* **Exercise data**
■ ■ ■ ■ ■
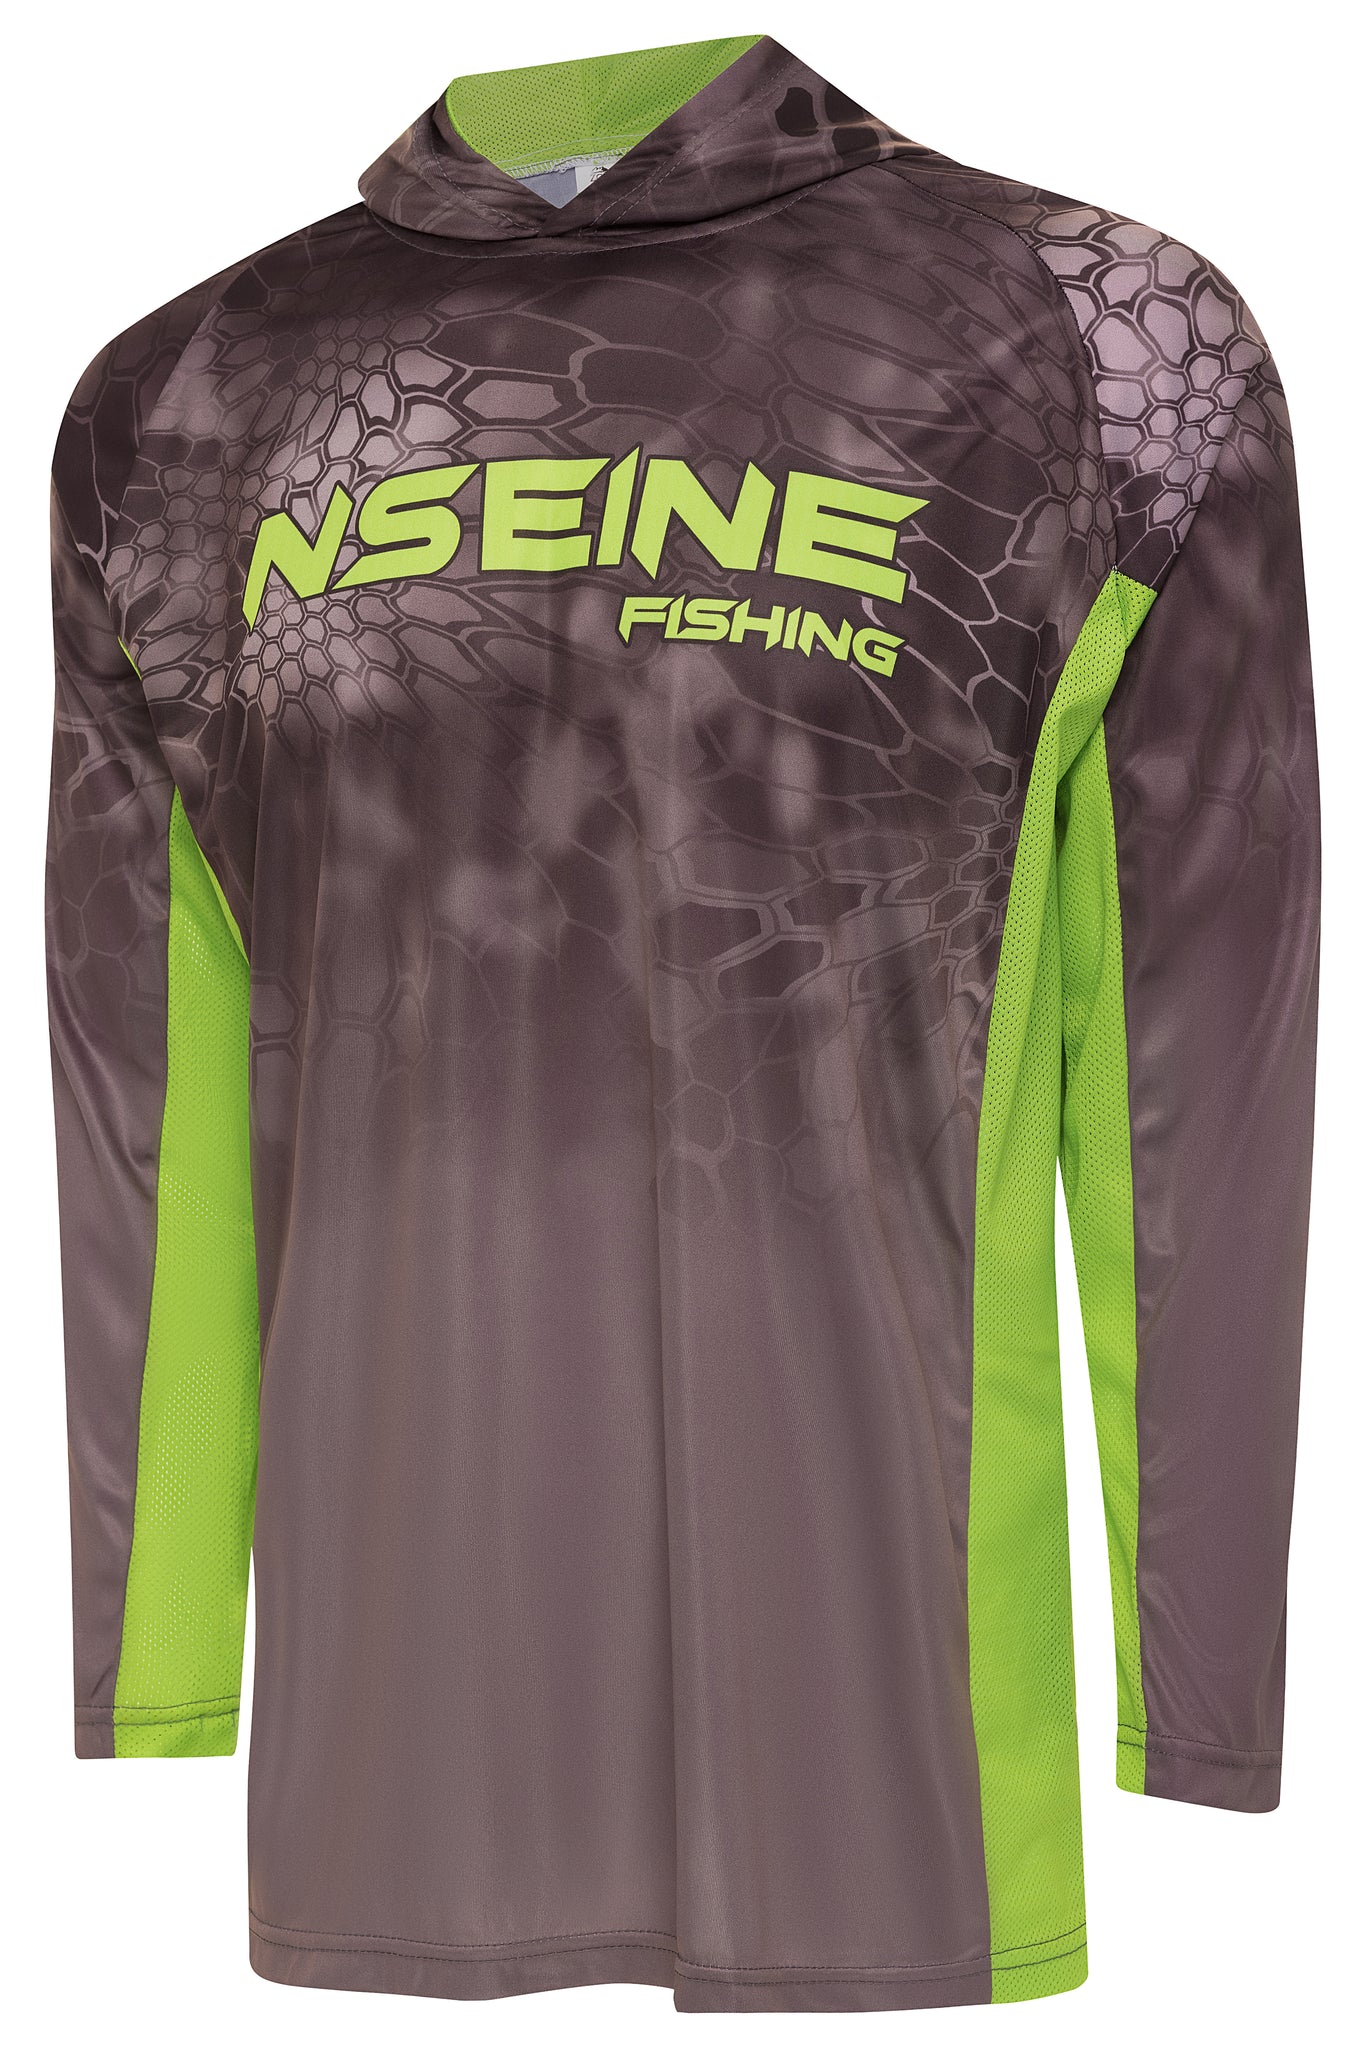 NSEINE Gray/Green Vented/Hooded Long Sleeve Fishing Shirt – ZillaGear  Outdoor
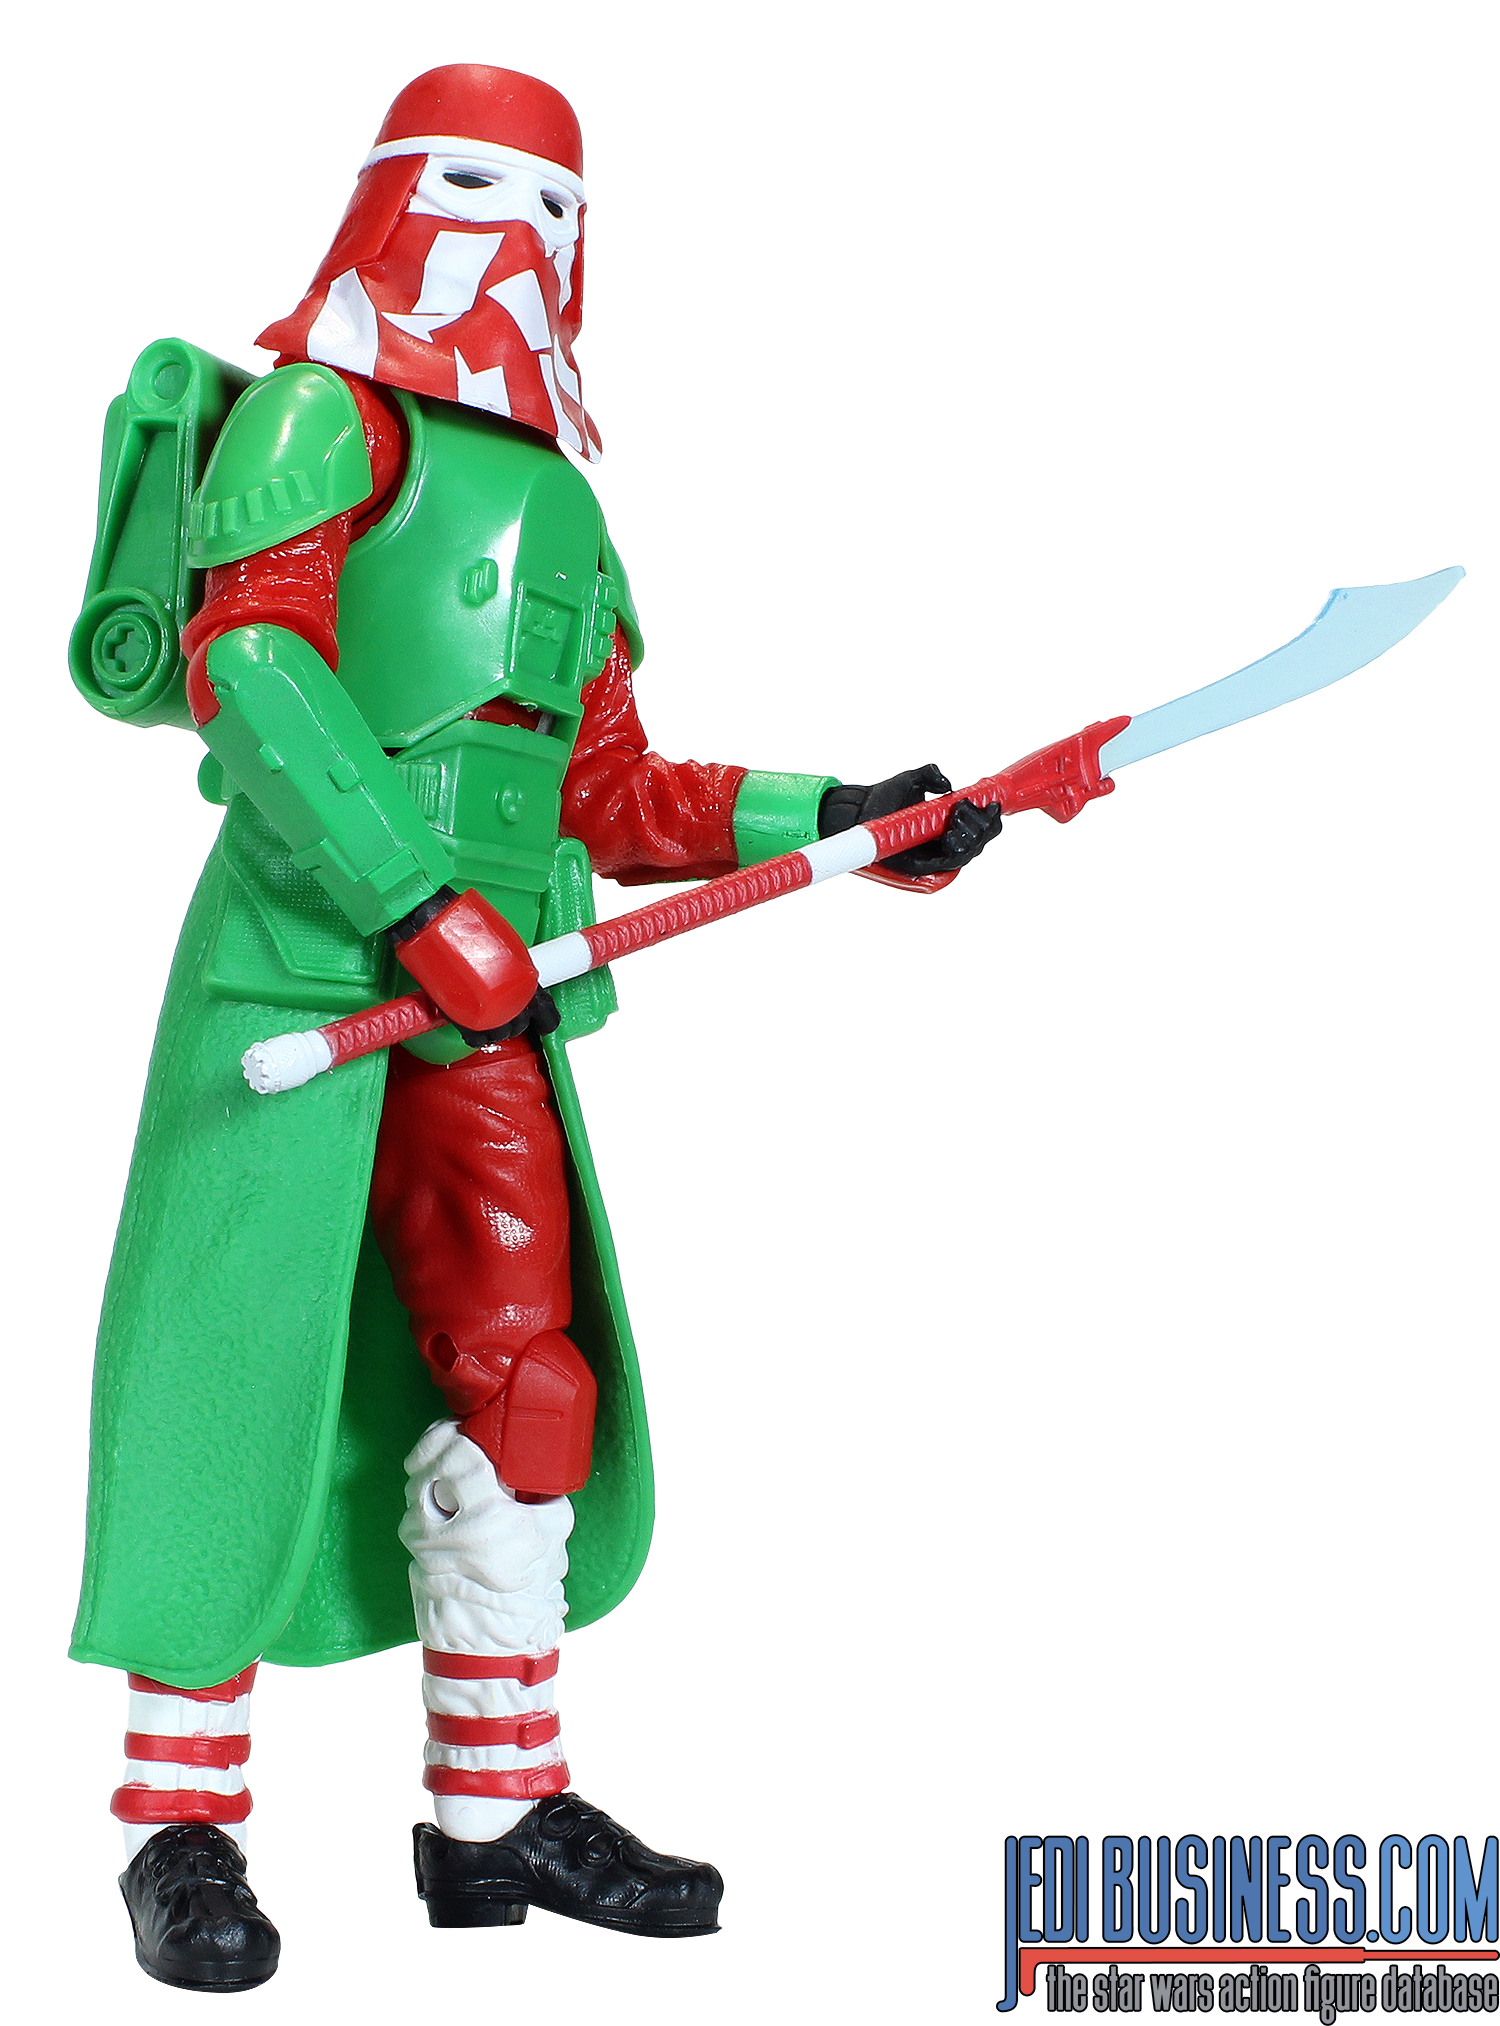 Snowtrooper 2020 Holiday Edition 2-Pack #3 of 5
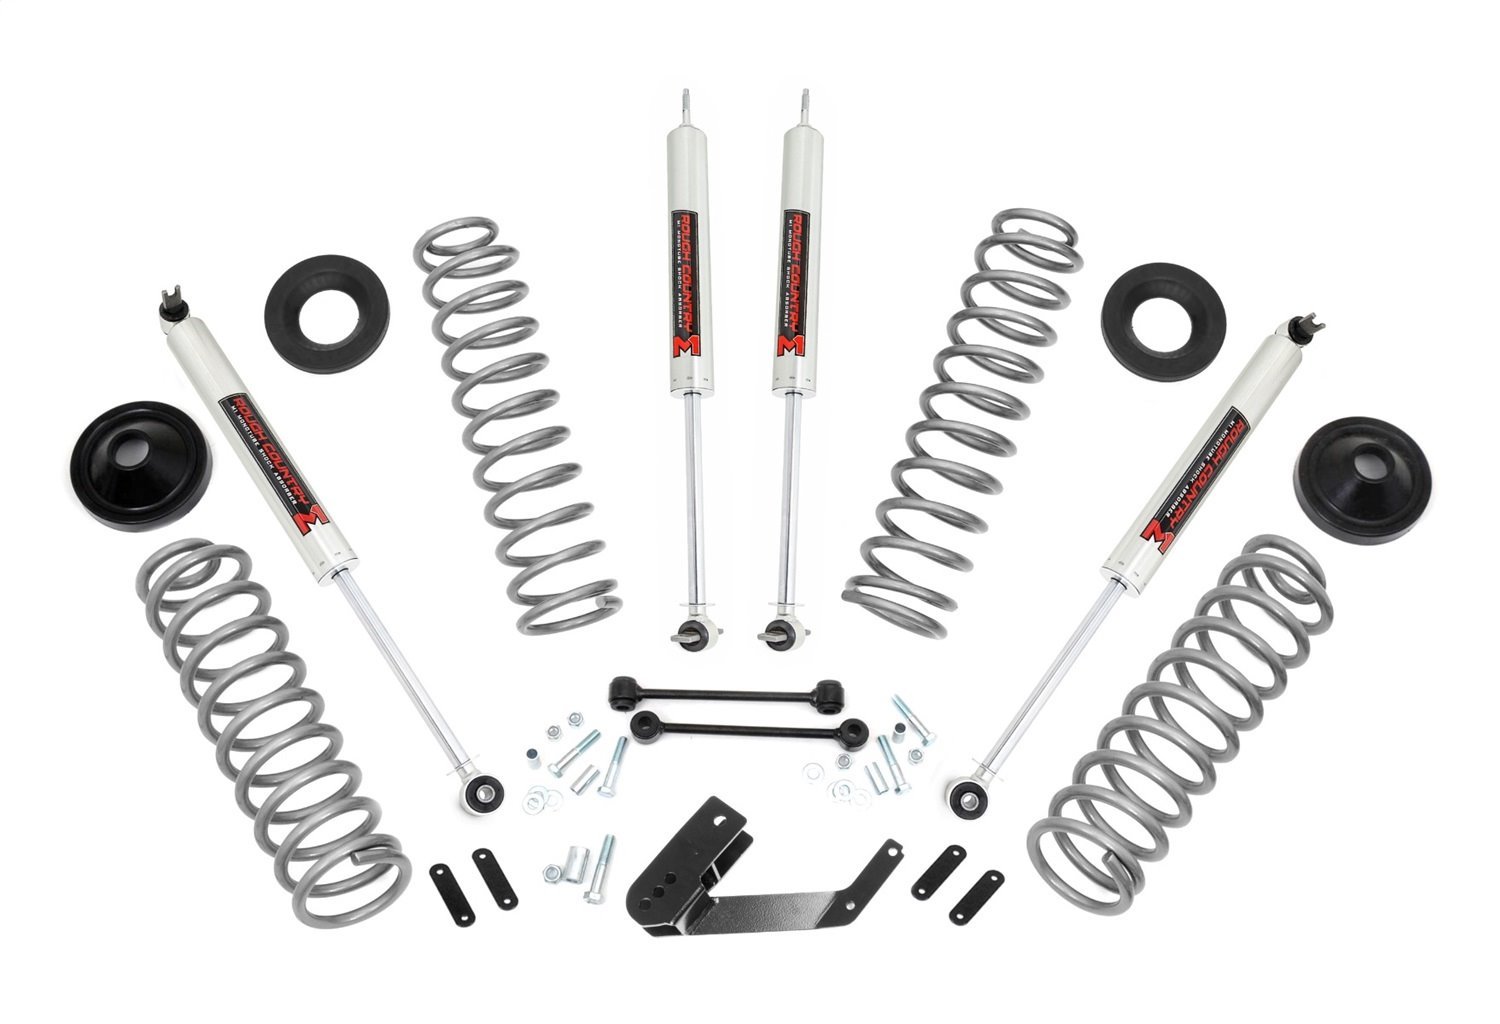 67640 Front and Rear Suspension Lift Kit, Lift Amount: 3.25 in. Front/3.25 in. Rear
■ ■ ■ ■ ■
* **Directions**
Make an exact copy of all the material, but keep the pictures out of it.

* **Exercise solution**
 NSEINE Gray/Green Vented/Hooded Long Sleeve Fishing Shirt – ZillaGear  Outdoor
 Snowtrooper 2020 Holiday Edition 2-Pack #3 of 5
 67640 Front and Rear Suspension Lift Kit, Lift Amount: 3.25 in. Front/3.25 in. Rear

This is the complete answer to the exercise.